[[ Source data, beginning ]]

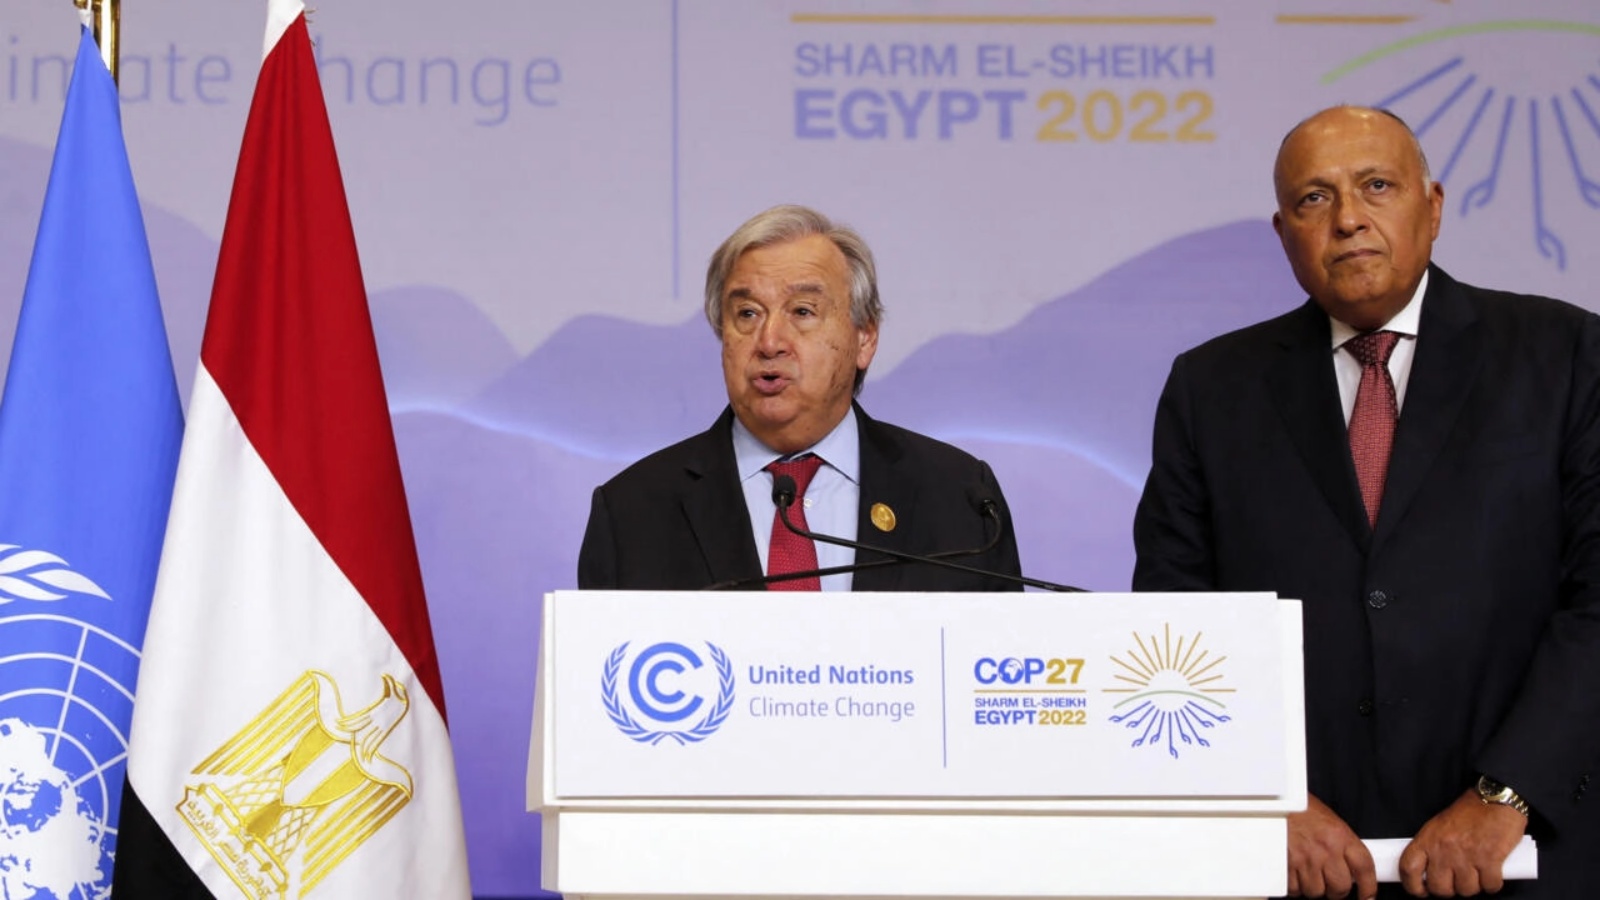 وزير الخارجية المصري سامح شكري والأمين العام للأمم المتحدة أنطونيو غوتيريش، في مؤتمر صحفي خلال مؤتمر المناخ في شرم الشيخ على البحر الأحمر، في 17 نوفمبر 2022
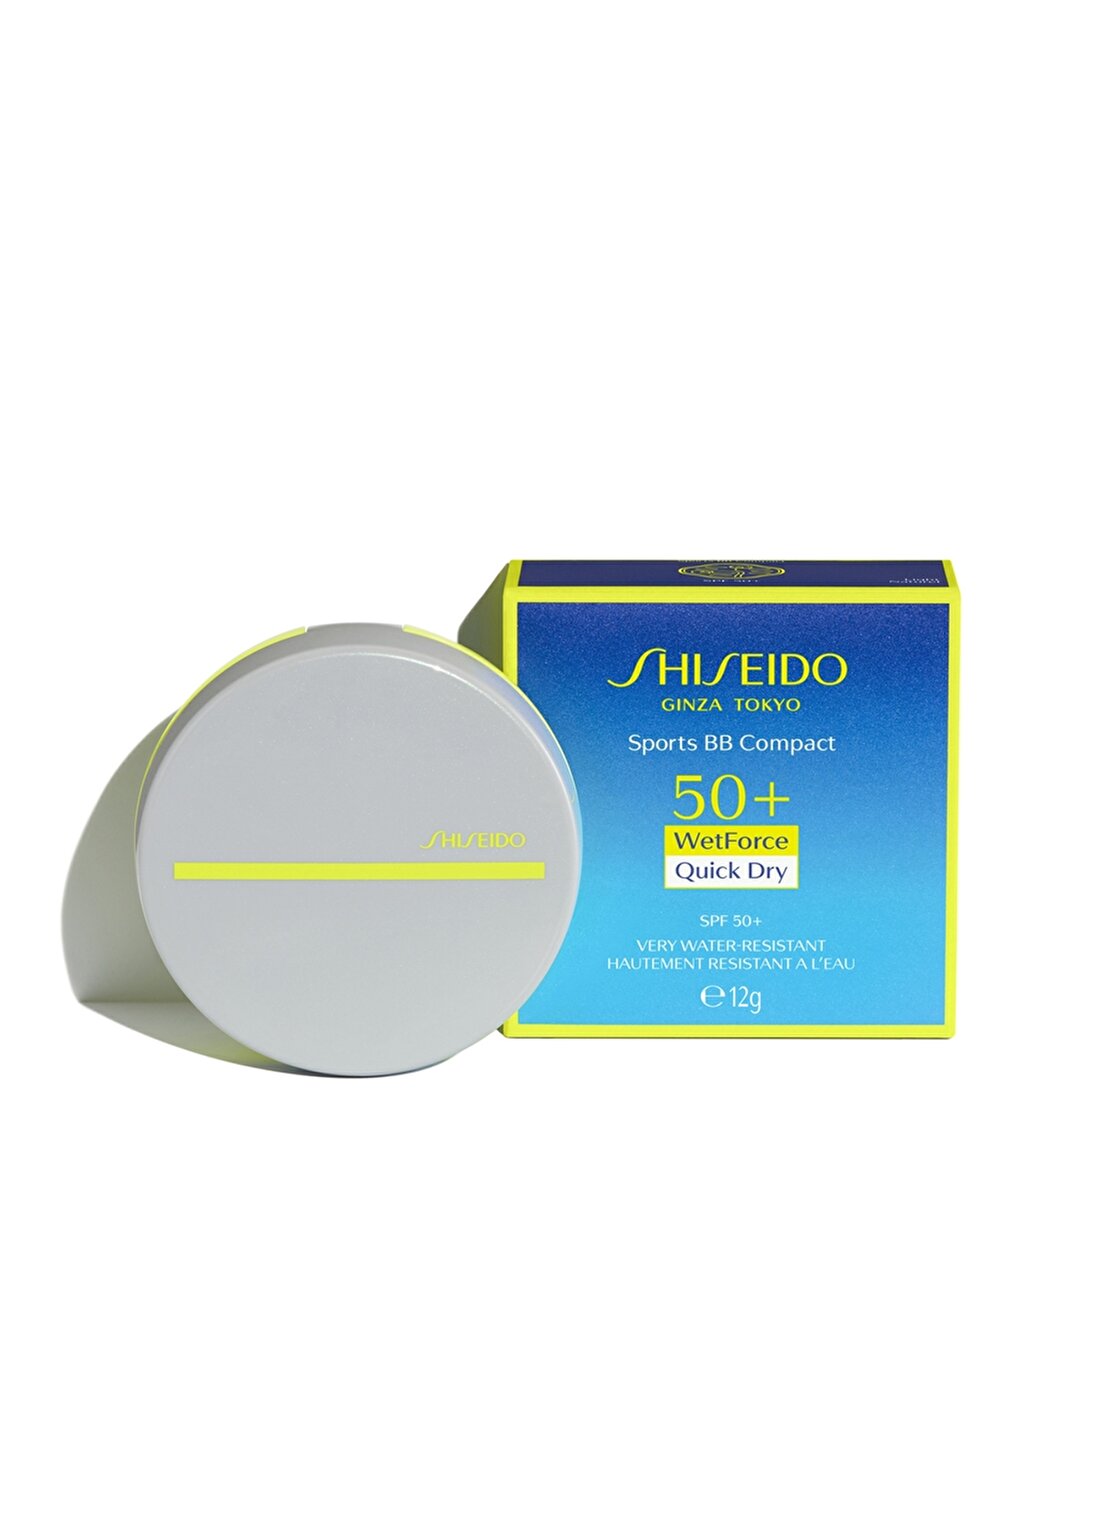 Shiseido Spf 50 Korumalı Suya Ve Tere Dayanıklı Bb Krem Medium Dark Güneş Ürünü
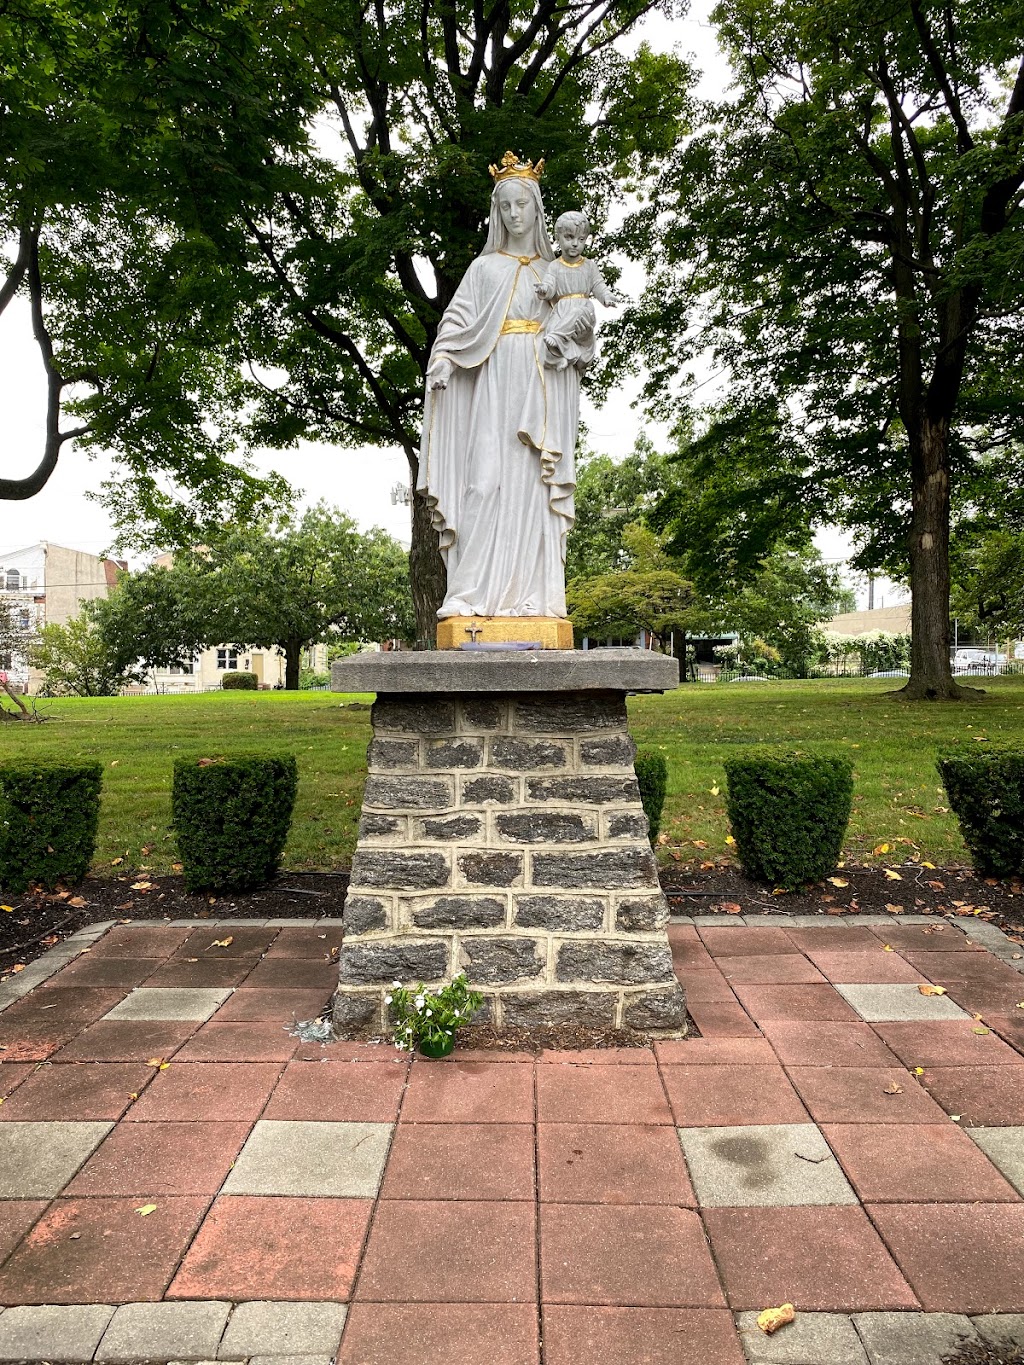 The Miraculous Medal Shrine | 500 E Chelten Ave, Philadelphia, PA 19144 | Phone: (215) 848-1010
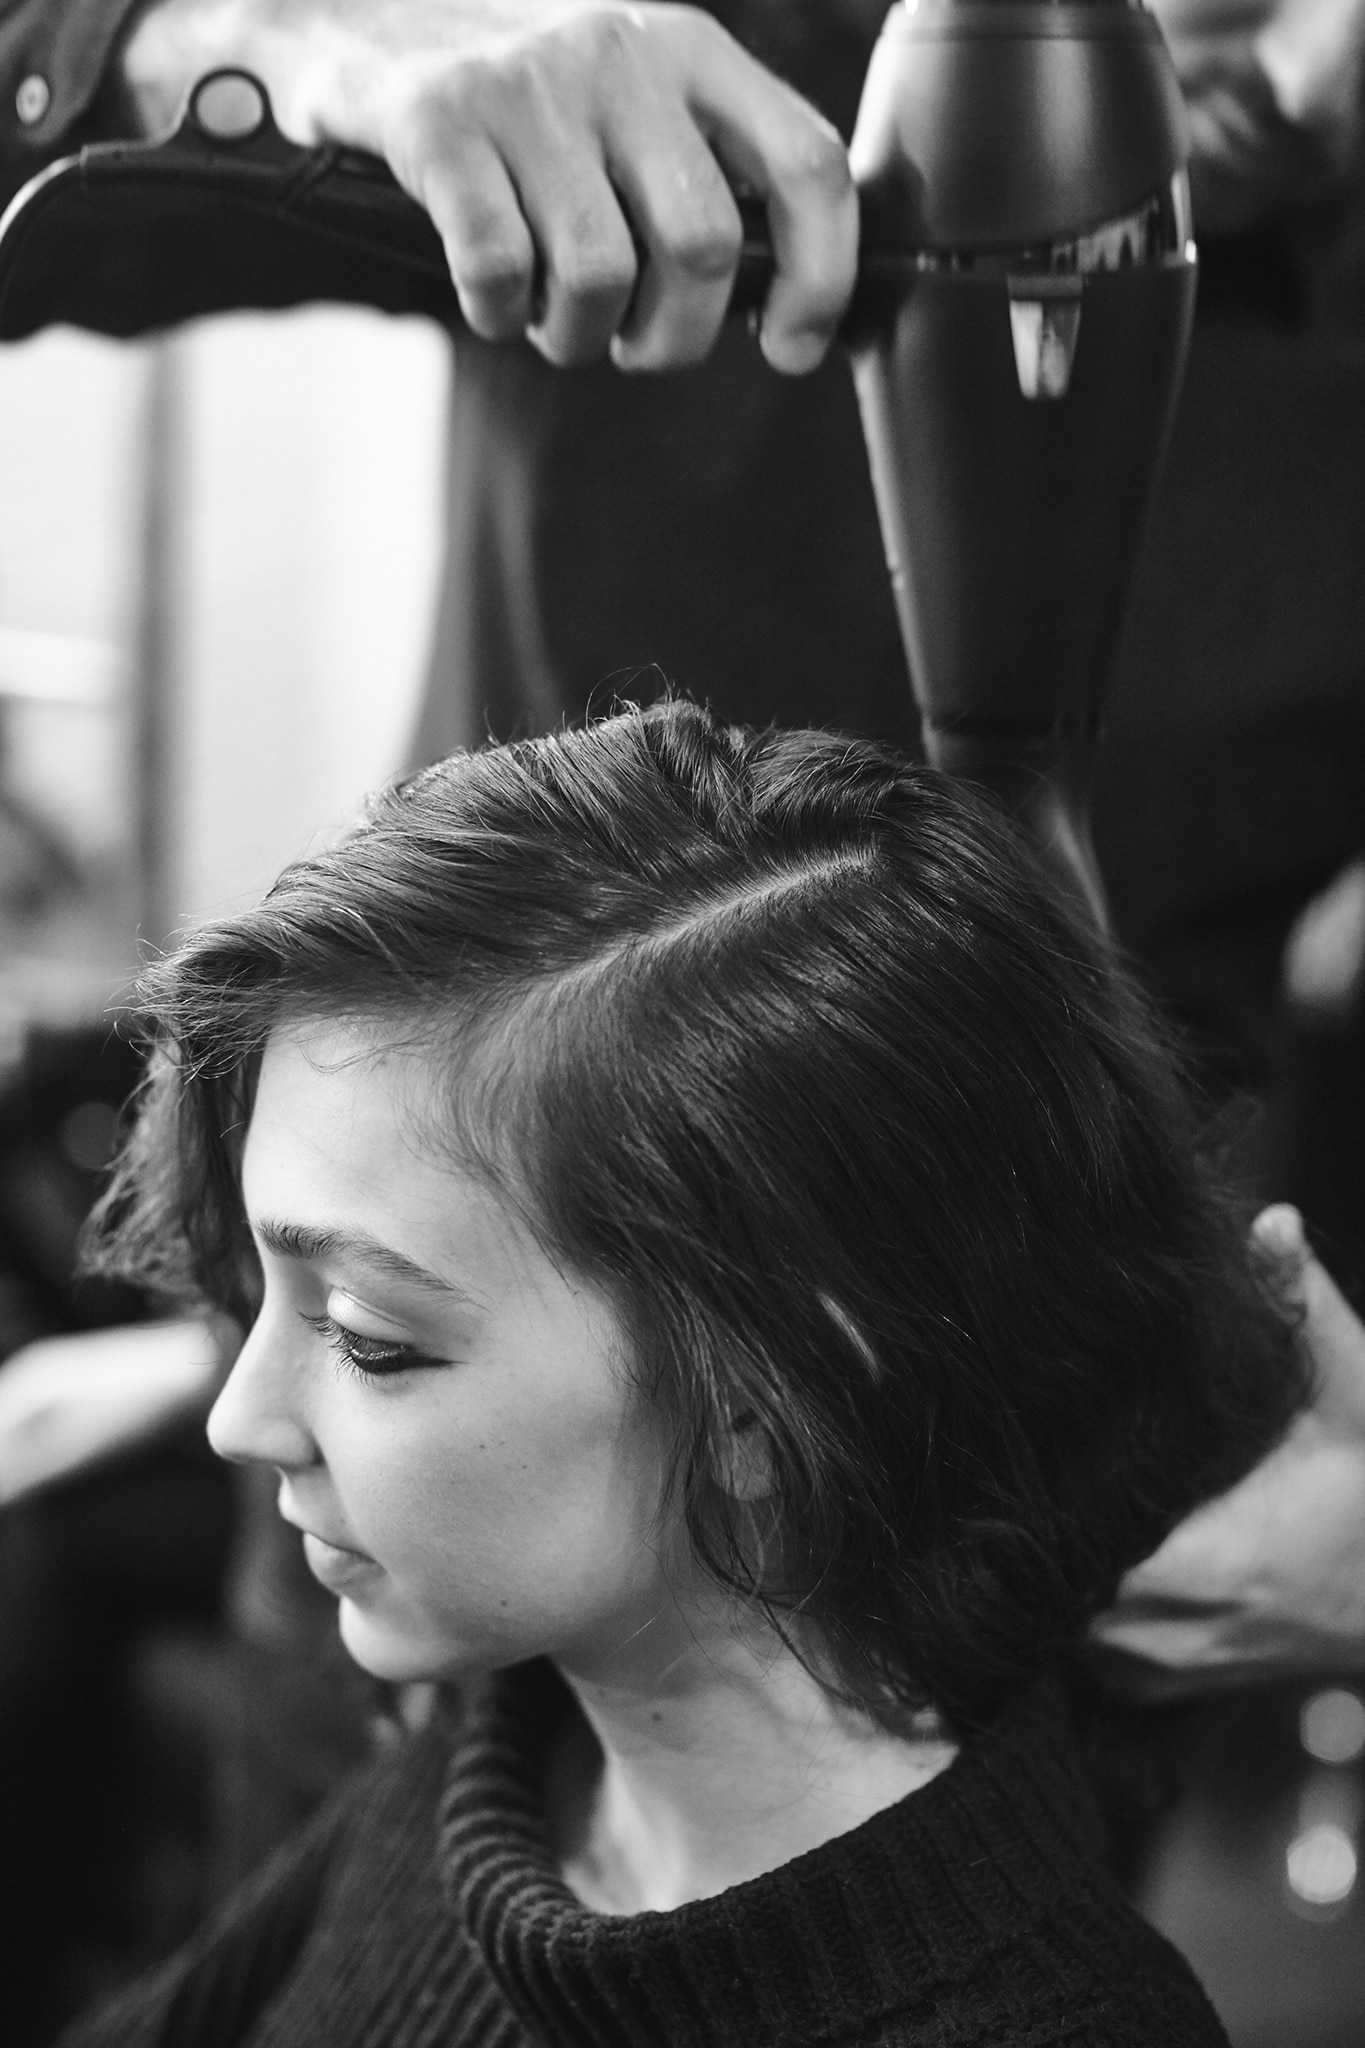 Μοντέλο που κάθεται με τα μαλλιά χωρισμένα και ένας κομμωτής που κρατάει τα μαλλιά της και ένα σεσουάρ

[[ Source data, end ]]

* Exercise goal *
Up to and including the line containing "Shiseido Spf 50", repeat every line from the start of the data, but none of the pictures.

* Result for this exercise *
 وزير الخارجية المصري سامح شكري والأمين العام للأمم المتحدة أنطونيو غوتيريش، في مؤتمر صحفي خلال مؤتمر المناخ في شرم الشيخ على البحر الأحمر، في 17 نوفمبر 2022
 Shiseido Spf 50 Korumalı Suya Ve Tere Dayanıklı Bb Krem Medium Dark Güneş Ürünü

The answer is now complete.